## [Your goal]
Reproduce the data below in full and to the letter, images excepted.

## [Data shown]
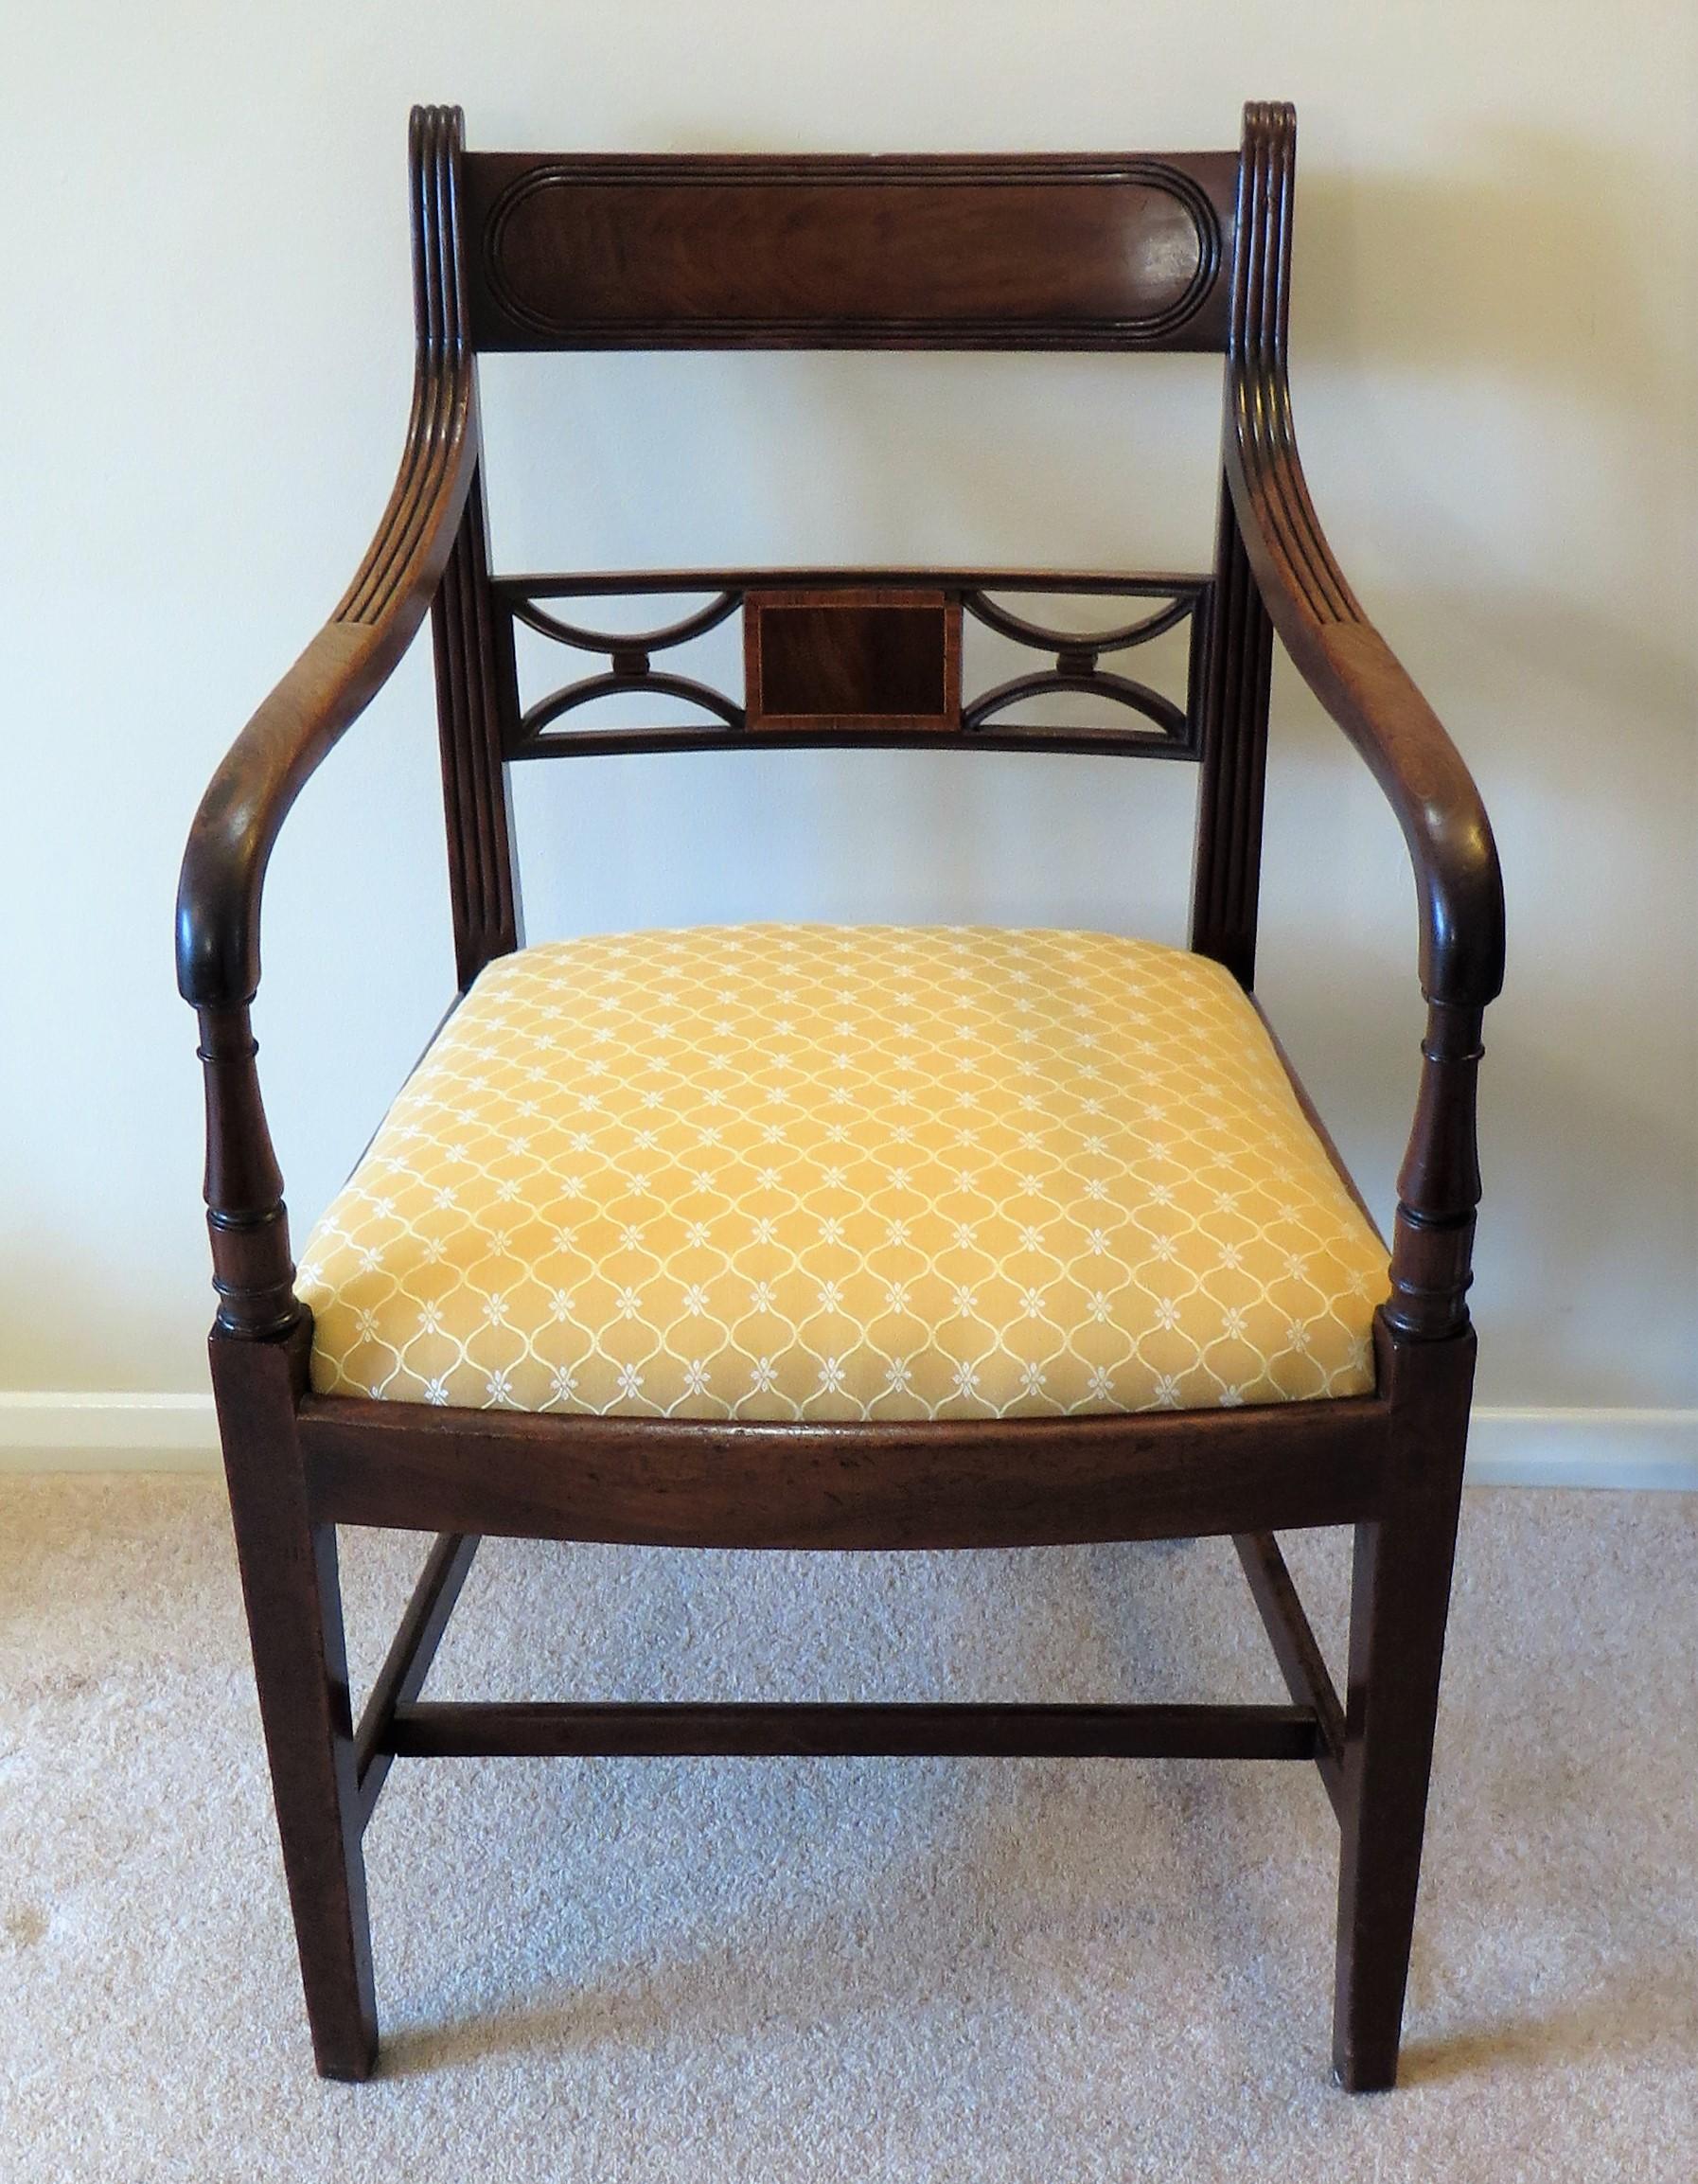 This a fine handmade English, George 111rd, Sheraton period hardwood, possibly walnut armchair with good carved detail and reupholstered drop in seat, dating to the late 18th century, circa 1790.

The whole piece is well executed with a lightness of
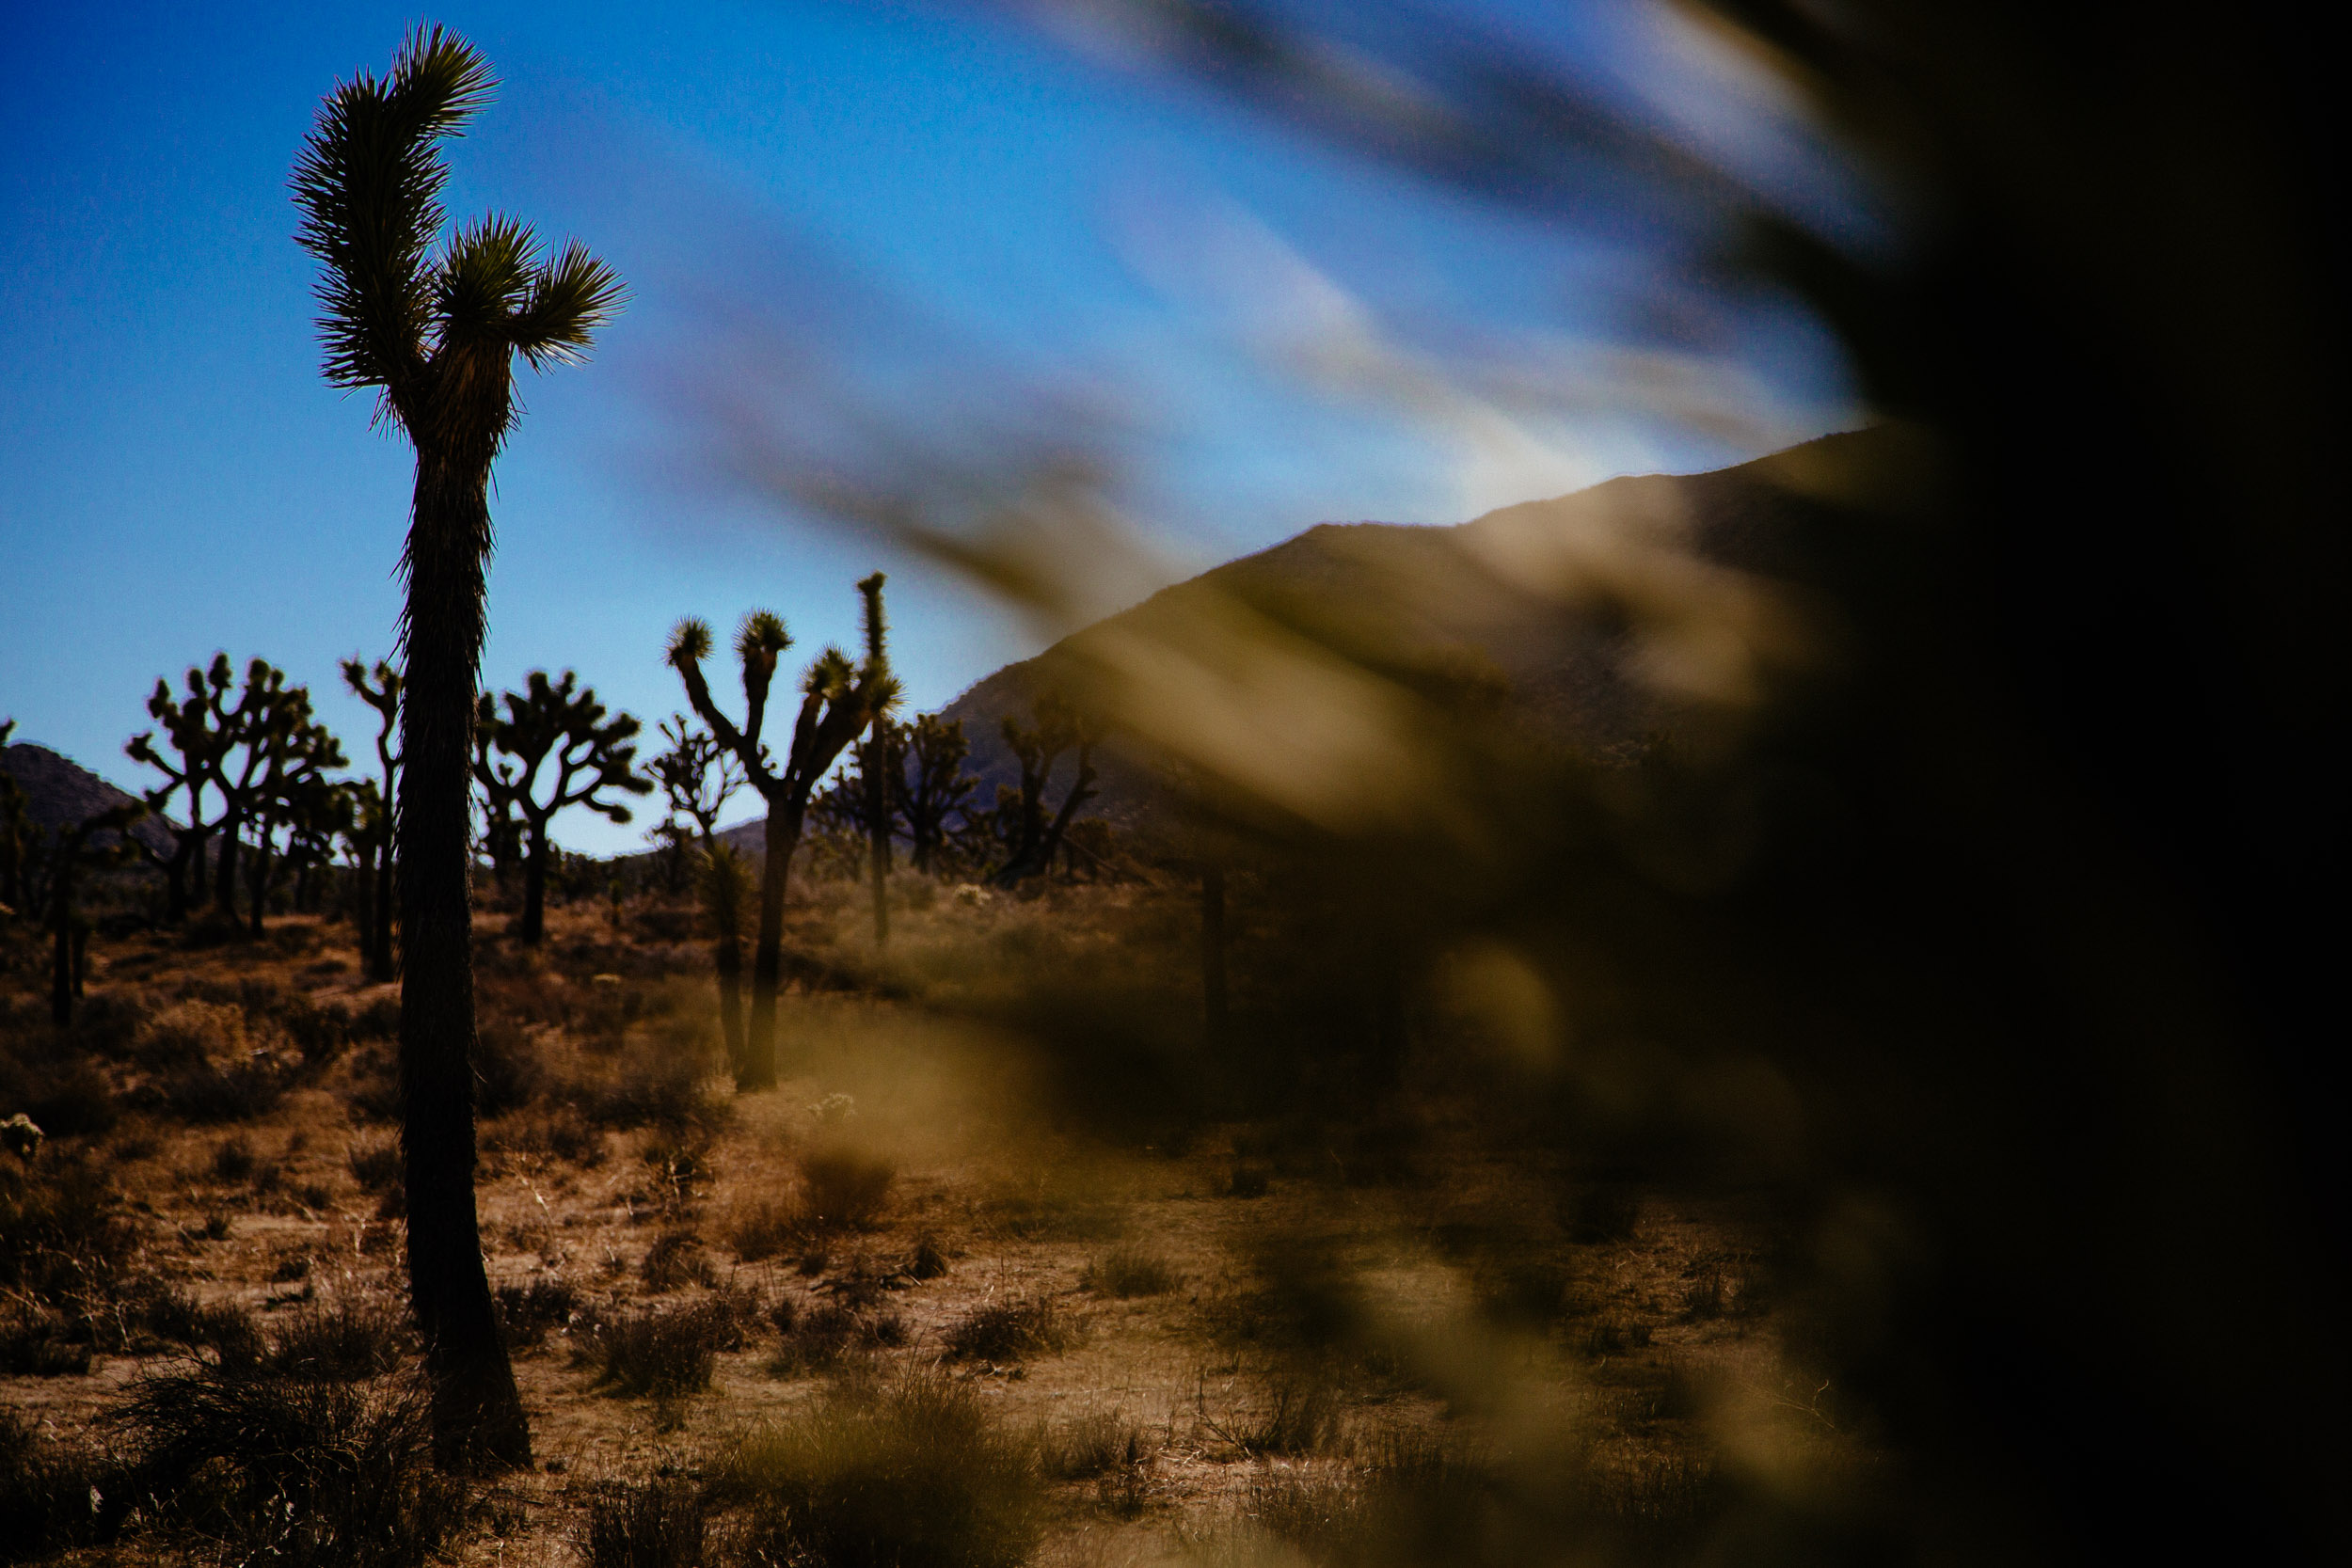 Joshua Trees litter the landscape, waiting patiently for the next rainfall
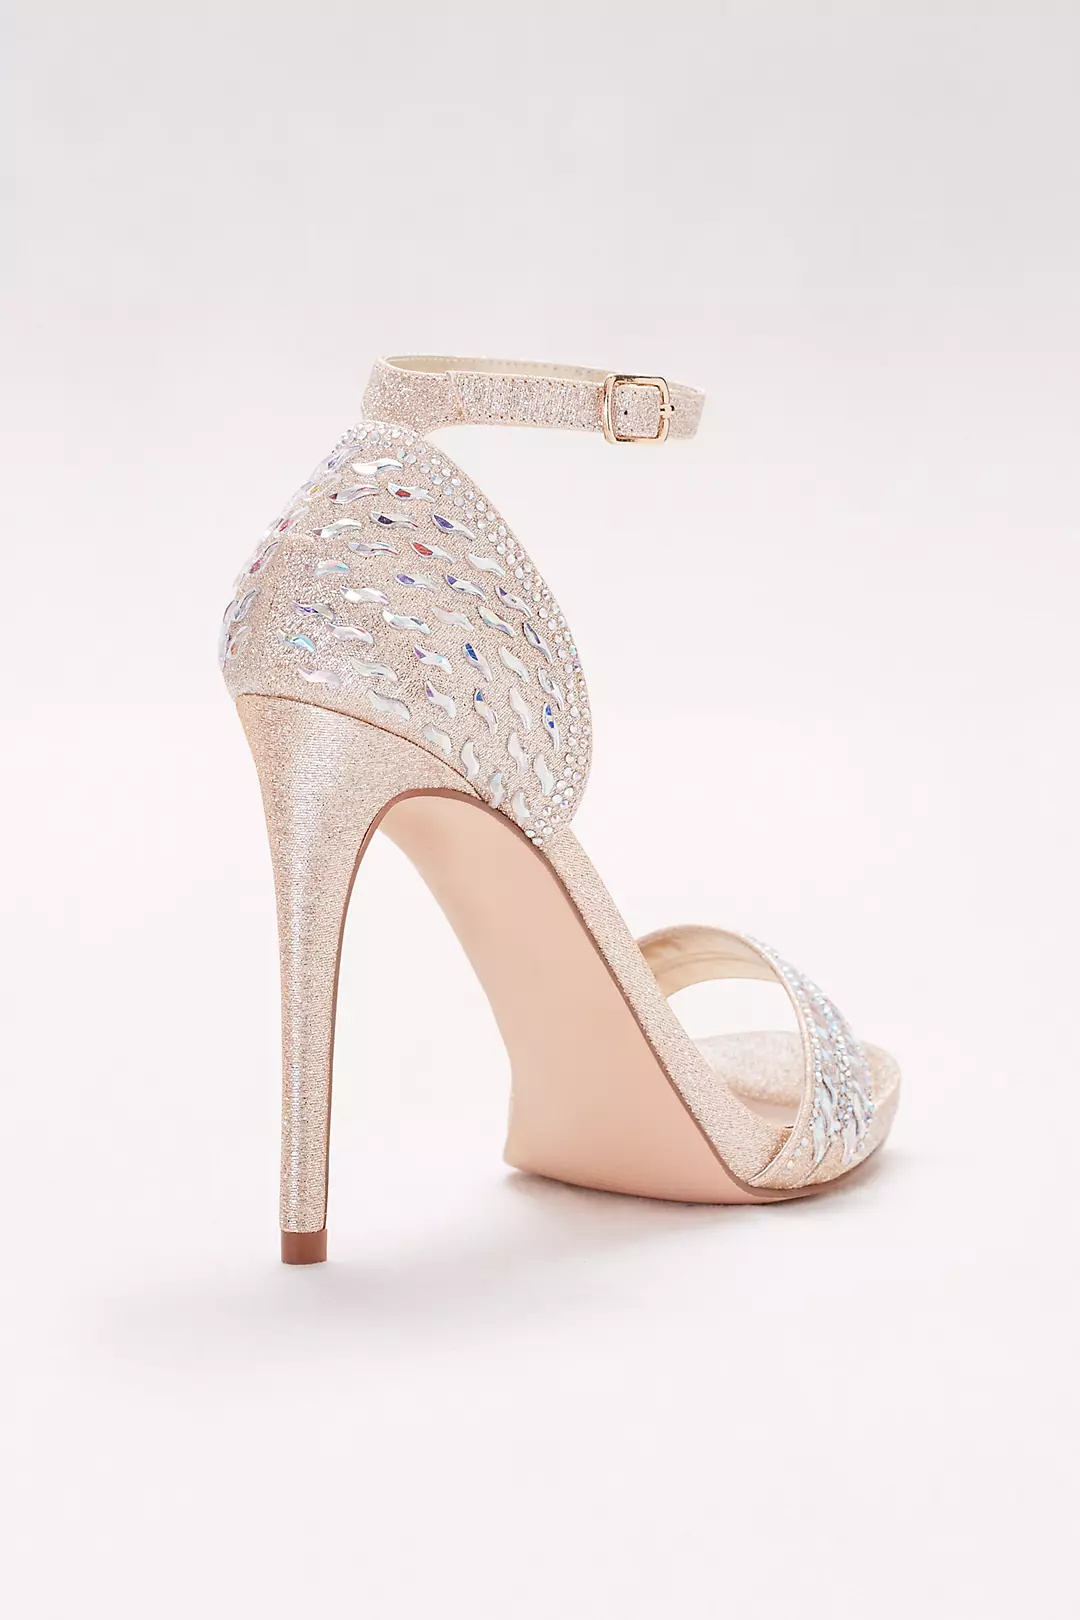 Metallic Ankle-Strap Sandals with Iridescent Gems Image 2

## [Written response]
 This a fine handmade English, George 111rd, Sheraton period hardwood, possibly walnut armchair with good carved detail and reupholstered drop in seat, dating to the late 18th century, circa 1790.

The whole piece is well executed with a lightness of
 Joshua Trees litter the landscape, waiting patiently for the next rainfall
 Metallic Ankle-Strap Sandals with Iridescent Gems Image 2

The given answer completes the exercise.